Подумавши, Бориска направил свои стопы к братанам Горевым. О приключениях последних дней рассказал прямодушно, не таясь. Братьев возмутило подлое коллективное нападение, а ведь и они в той же школе учились, вот, знай бы заранее, на троих-то, небось, рахнулись полезть, а если б еще прибавить Петю, Федю и Ефима…
Принялись соображать: шестеро против десяти, это как? Слабовато? Или в самый раз? Нет, ну, ясное дело, против шестерых не поперли бы, каждый Горев хоть куда, – а один на один все котомки отдадим, – но все же и преимущества никакого. Надо бы еще землячков – поболе или поумелее.
Была осень, сидели они на бревнышках возле Витьки-Васькиного дома, крутили пальцами в собственных носах.
– Надо чему-то научиться такому, – сказал Бориска.
– Боксу, что ли? – спросил Головастик.
– А есть еще карате, – поддержал Аксель, – джиу-джитсу, еще что-то там такое, вон даже президенты не брезгуют, а мы чё?
– Президенты президентами, – протянул Бориска. – Они люди ученые, образованные, им можно на ковриках, на этих самых татами. А мы…
– Ну и что?
– А вот что: раз – и в нос, и с копыт долой, понимаешь? В нос, и с копыт! Дважды два.
– Значит, бокс? – догадался Аксель.
– Бокс, – кивнул Бориска. И все вздохнули. Никакого бокса в их городке и в помине не было…
Расходились с бревнышек тяжеловато. Навстречу попалась троица: Петя, Федя и Ефим. Обрадовались, встретив однофамильцев, разглядев Бори-ску, предложили притырить из дому пивка. Витька с Васьком согласились, но Борис уперся – не хотелось ему этого проклятого пива, хотя забыться, просто от всего отключиться он бы и не возражал.
А от угощенья все же ушел. Дома его ждал Глебка. Прибежал и прижался всем своим хлипким тельцем, будто к отцу.
Вот тут Бориска всхлипнул. Он и сам не знал, как можно к отцу прижаться, припасть, потому что не знал отца, но вдруг к нему, еще мальчишке, припадает младший братик, и в нем совсем нежданно вздрагивает, просыпаясь, какое-то новое, совсем не детское чувство.
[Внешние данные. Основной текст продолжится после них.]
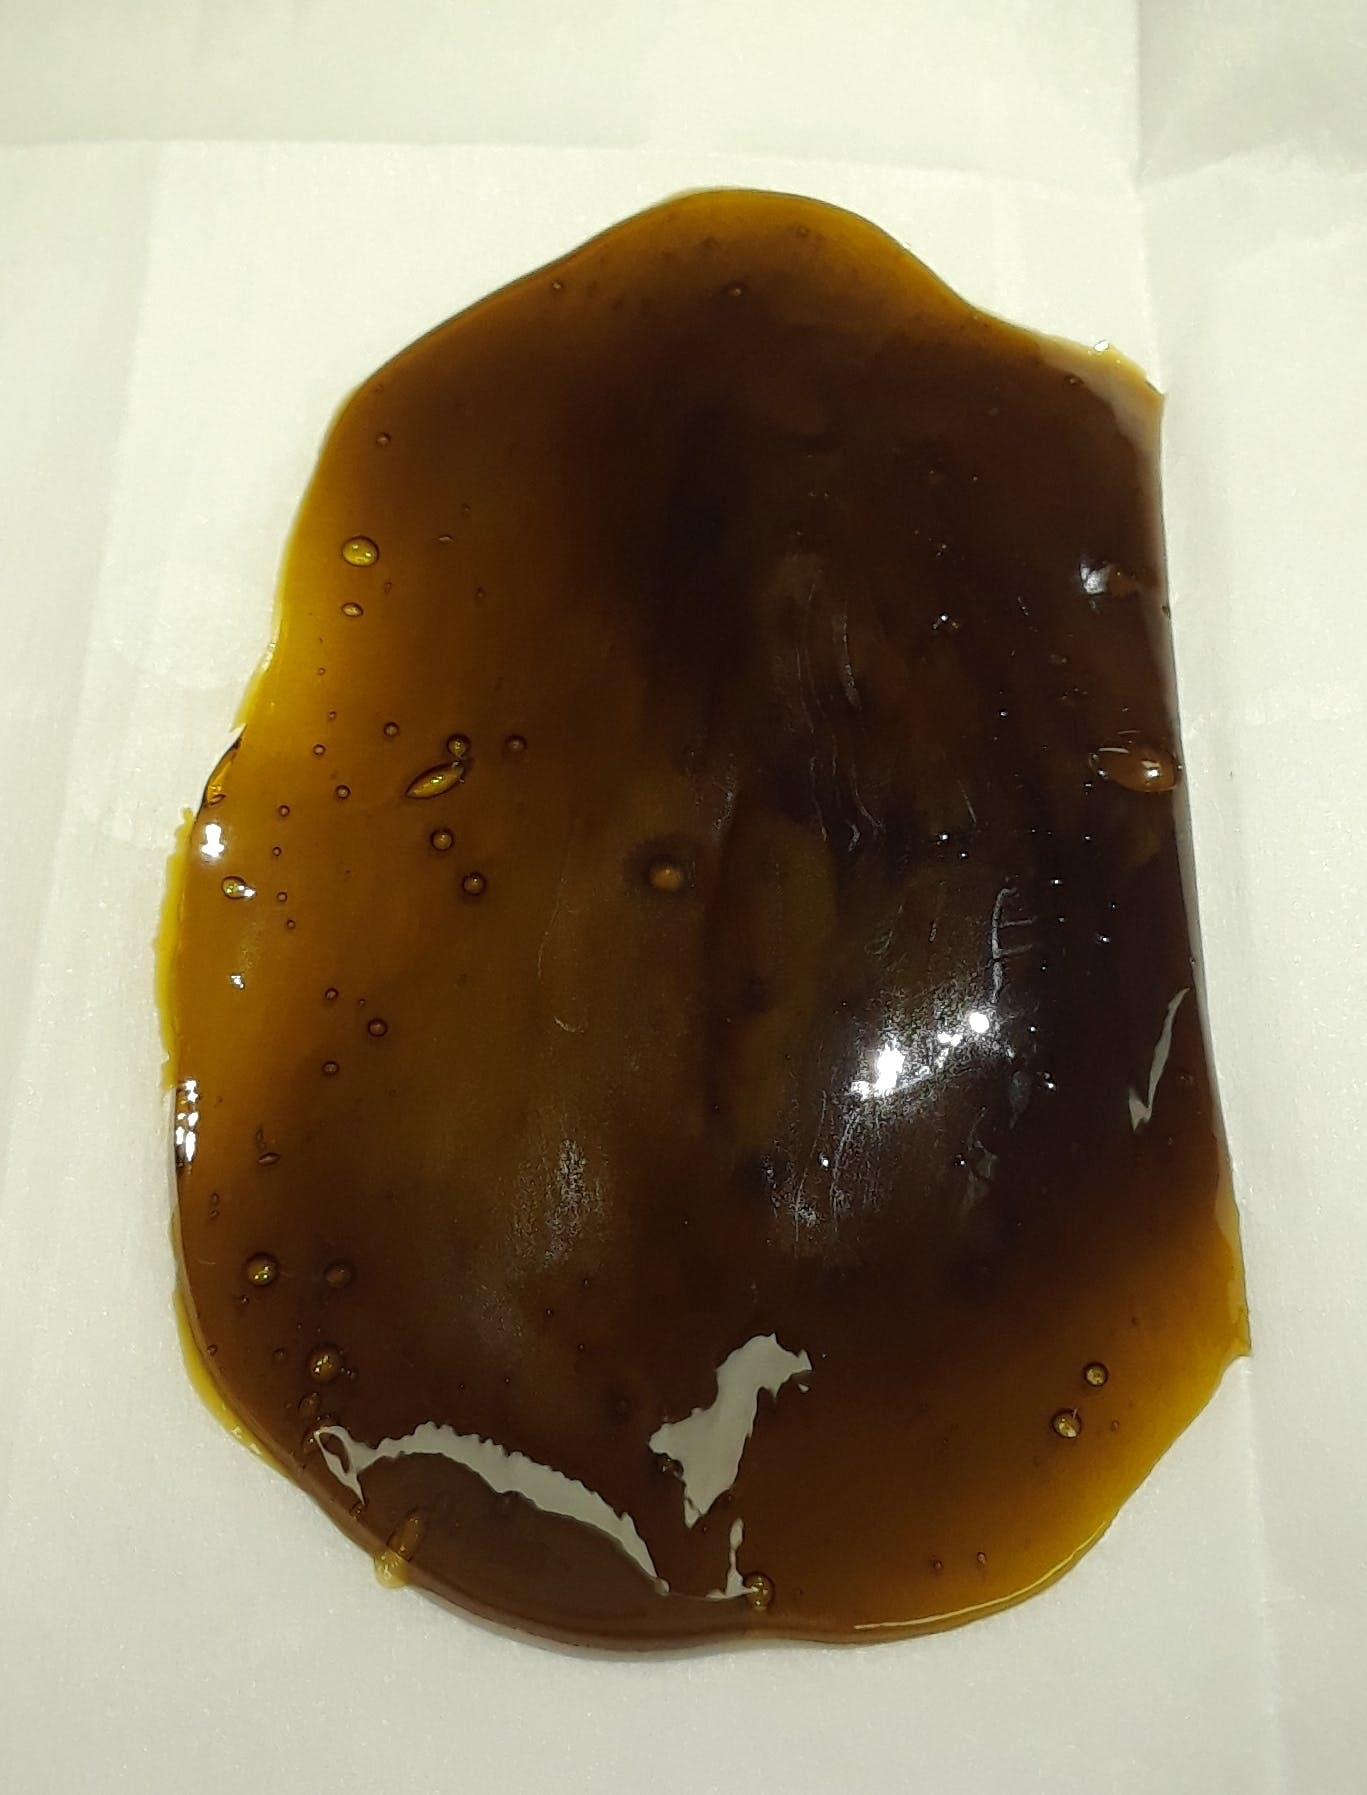 wax-3-5g-of-wax-for-2420

Не только любви к Глебке, не одно только желание прижать братика к себе и обнять, но и еще что-то посерьезней, повзрослей. Какой-то такой груз привалил на плечи. Это была внезапная, тяжелая о Глебке печаль – как он вырастет, кто его защитит, каким станет?
Как просыпается отцовское чувство? Вот уж истинно серьезный вопрос, на него и ответишь-то не сразу.
Но спросим попроще: не есть ли чувство братства, чувство любви мальчика постарше к младшему, одной крови, человеку, желание его защитить
от бед и злых сил – предчувствие своего отцовства, пролог к будущей взрослости и страха за другую жизнь? Пожалуй, да.
И Бориска всхлипнул от небывалой новизны чувства, которое нахлынуло на него, как нежданная высокая и теплая волна. И две маленькие слезинки выкатились из его глаз.
Слезы были легкие, светлые, даже, может быть, радостными их можно назвать. Со слезами мальчишечьими выходила горечь поражения, незнания, что делать и как быть дальше, а их место – место скупых, почти мужичьих слез – занимала теплая и добрая радость за этого малыша, беззащитную эту и наивную маленькую жизнь.
Боря чувствовал, как вливается в него с любовью еще и сила, но это вовсе не физическая была сила-то, а уверенность, успокоение, обретение твердого знания, что делать, если его братишке нанесут обиду.
8
Бориска не сразу понял, что мать и бабушка с удивлением и даже вроде как с непониманием вглядываются в ласку и тепло братских отношений. Он это почувствовал. Но постепенно, догадками, предположением.
Мама и бабка как-то стали затихать, когда Бориска входил в дом, а Глебка, едва научась ходить, несся ему навстречу. Но даже ушибов на торопливом пути к брату Глебка не замечал, боль пропускал мимо – так захватывала его всепоглощающая радость.
Борис становился на коленки, чуточку отводил в сторону лицо, чтобы Глебка не стукнулся головой о его подбородок, а мог беспрепятственно припасть к братовой груди, широко распахивал объятия и с улыбкой, чаще молчаливой, прижимал его к себе.
Вот это-то молчанье мальчика, уже одиннадцати лет от роду, больше всего и поражало родных женщин. Что-то было в нём не по летам взрослое, неправдоподобное, чего-то таинственно обещающее. Но чего?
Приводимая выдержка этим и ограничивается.